Your client is SleepInc, a sleep health company that recently launched a sleep-tracking app called SleepScope. The app monitors sleep patterns and collects users' self-reported data on lifestyle habits. SleepInc wants to identify lifestyle, health, and demographic factors that strongly correlate with poor sleep quality. They need your help to produce visualizations and a summary of findings for their next board meeting! They need these to be easily digestible for a non-technical audience!

💾 The data

SleepInc has provided you with an anonymized dataset of sleep and lifestyle metrics for 374 individuals. This dataset contains average values for each person calculated over the past six months.

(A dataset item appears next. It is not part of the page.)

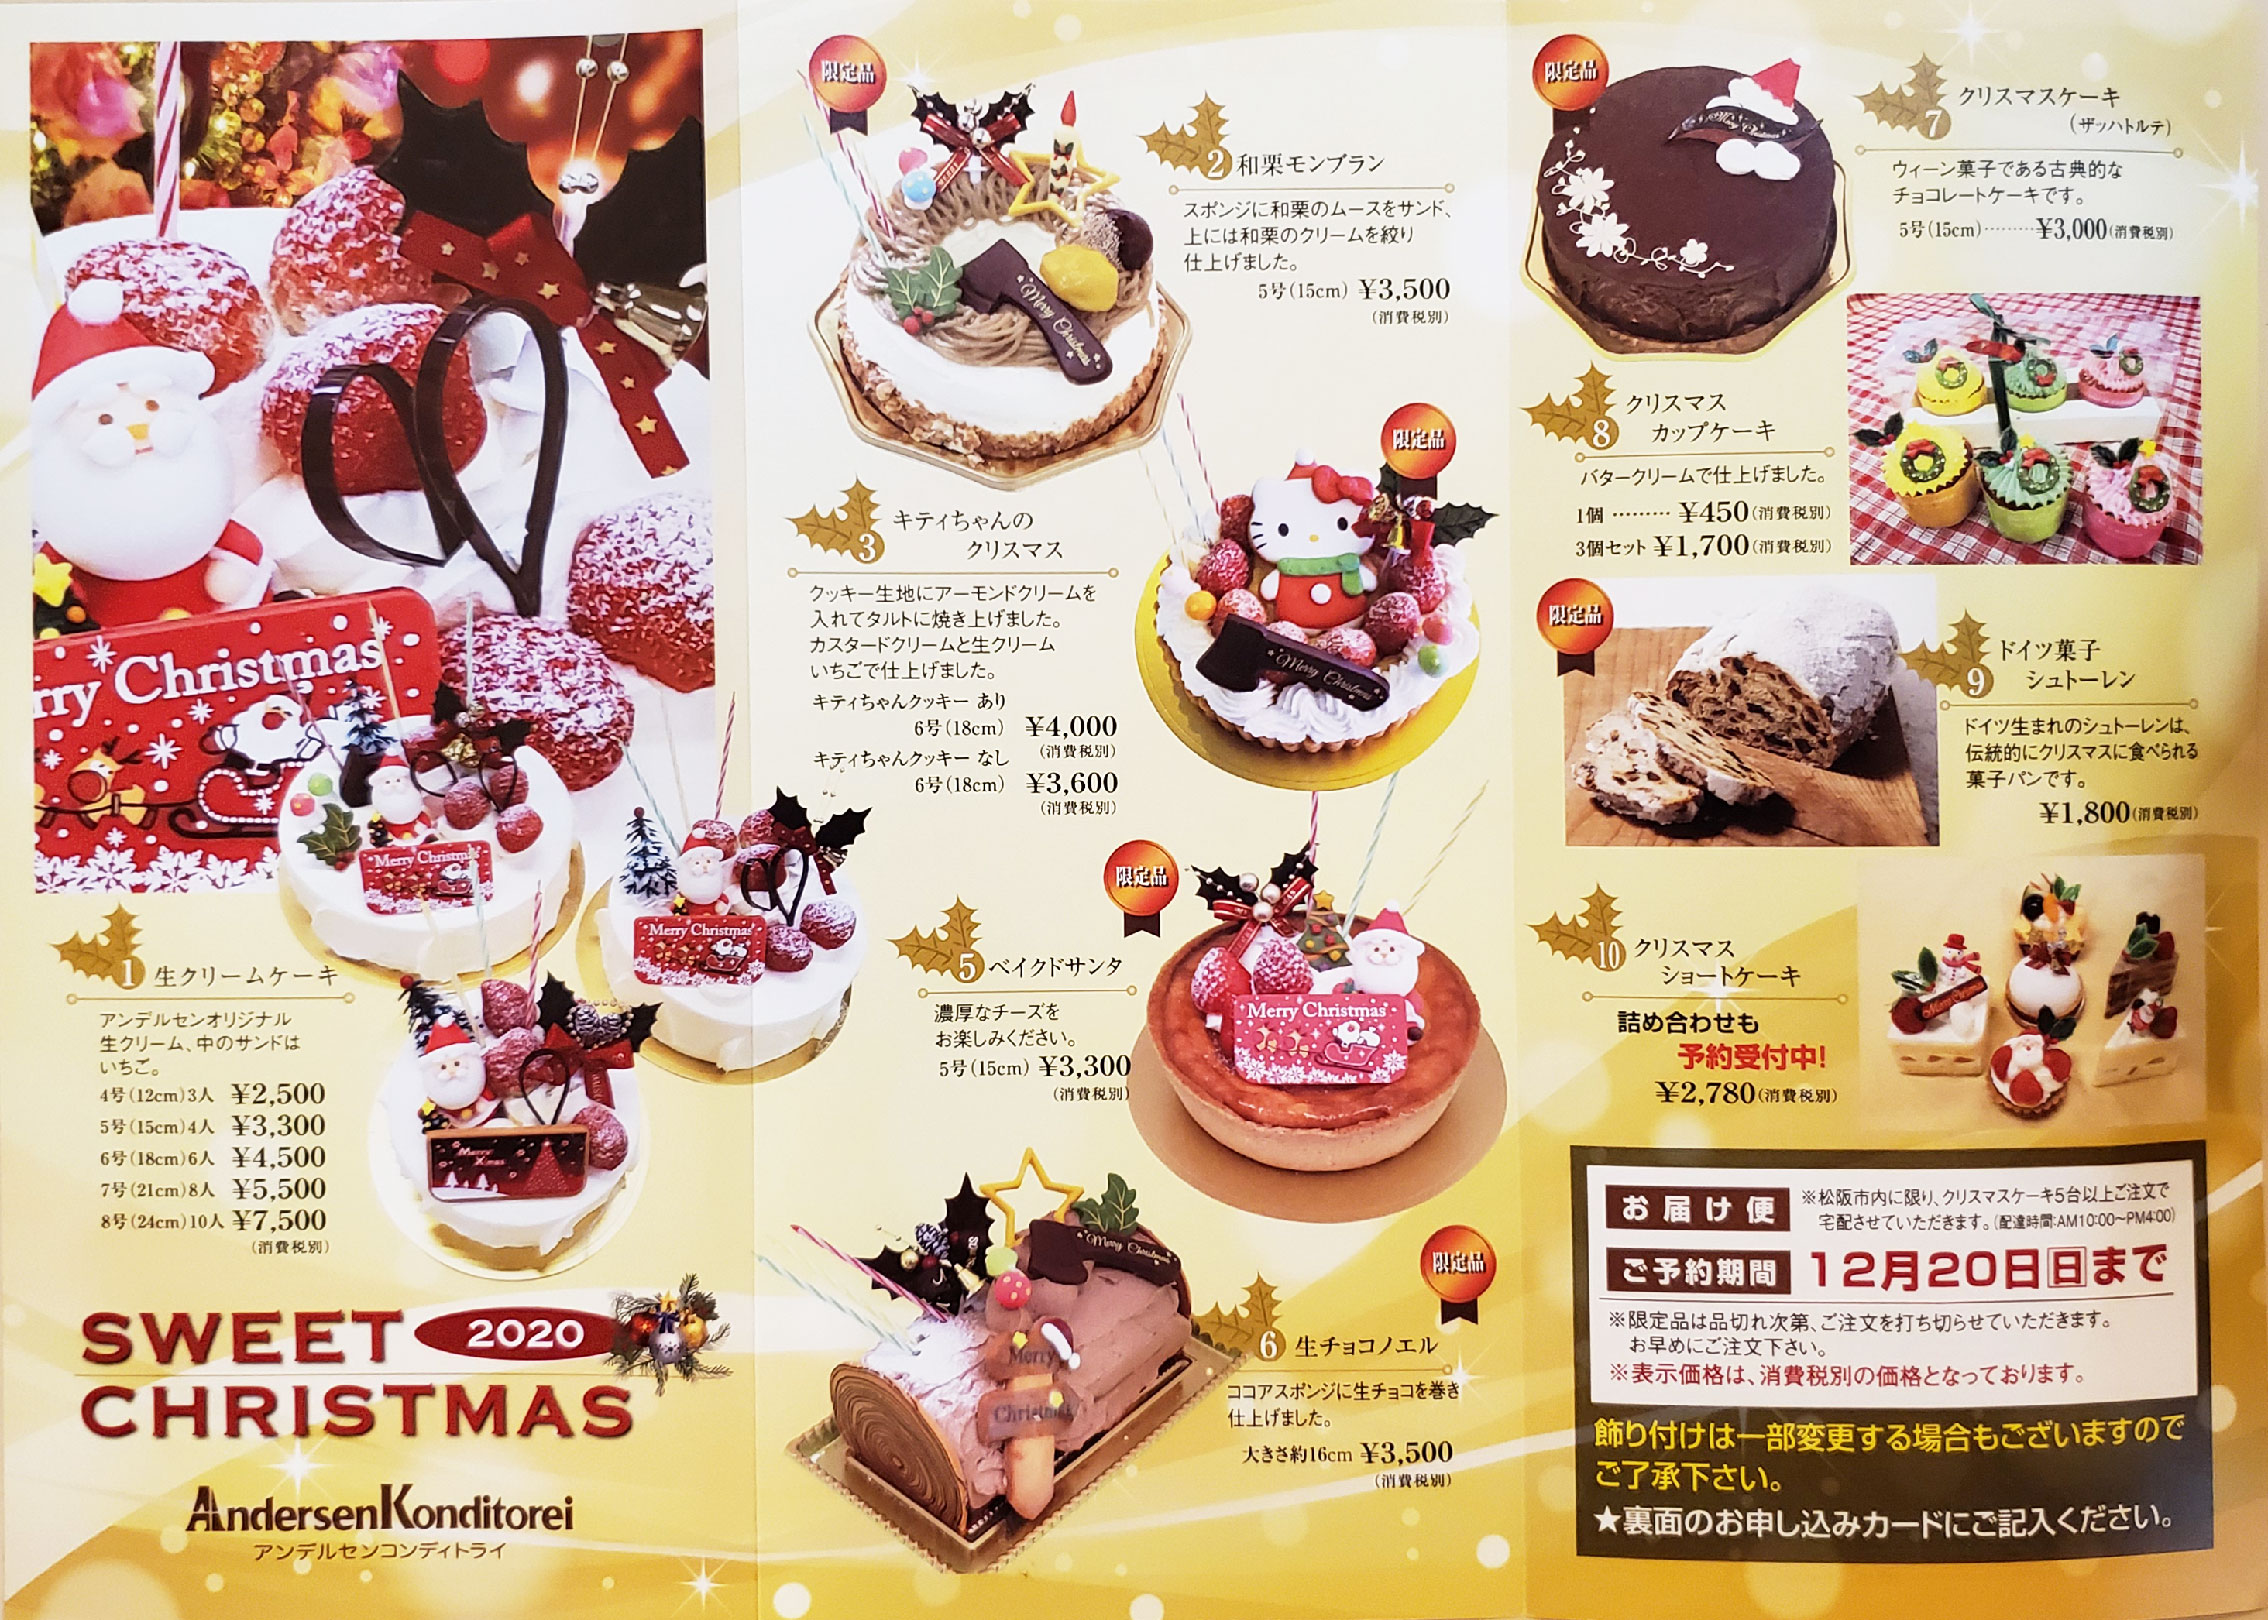 美味しい 可愛い 松阪で愛される洋菓子店 松阪競輪オウンドメディア

The dataset includes 13 columns covering sleep duration, quality, disorders, exercise, stress, diet, demographics, and other factors related to sleep health.

ColumnDescription
Person IDAn identifier for each individual.
GenderThe gender of the person (Male/Female).
AgeThe age of the person in years.
OccupationThe occupation or profession of the person.
Sleep Duration (hours)The average number of hours the person sleeps per day.
Quality of Sleep (scale: 1-10)A subjective rating of the quality of sleep, ranging from 1 to 10.
Physical Activity Level (minutes/day)The average number of minutes the person engages in physical activity daily.
Stress Level (scale: 1-10)A subjective rating of the stress level experienced by the person, ranging from 1 to 10.
BMI CategoryThe BMI category of the person (e.g., Underweight, Normal, Overweight).
Blood Pressure (systolic/diastolic)The average blood pressure measurement of the person, indicated as systolic pressure over diastolic pressure.
Heart Rate (bpm)The average resting heart rate of the person in beats per minute.
Daily StepsThe average number of steps the person takes per day.
Sleep DisorderThe presence or absence of a sleep disorder in the person (None, Insomnia, Sleep Apnea).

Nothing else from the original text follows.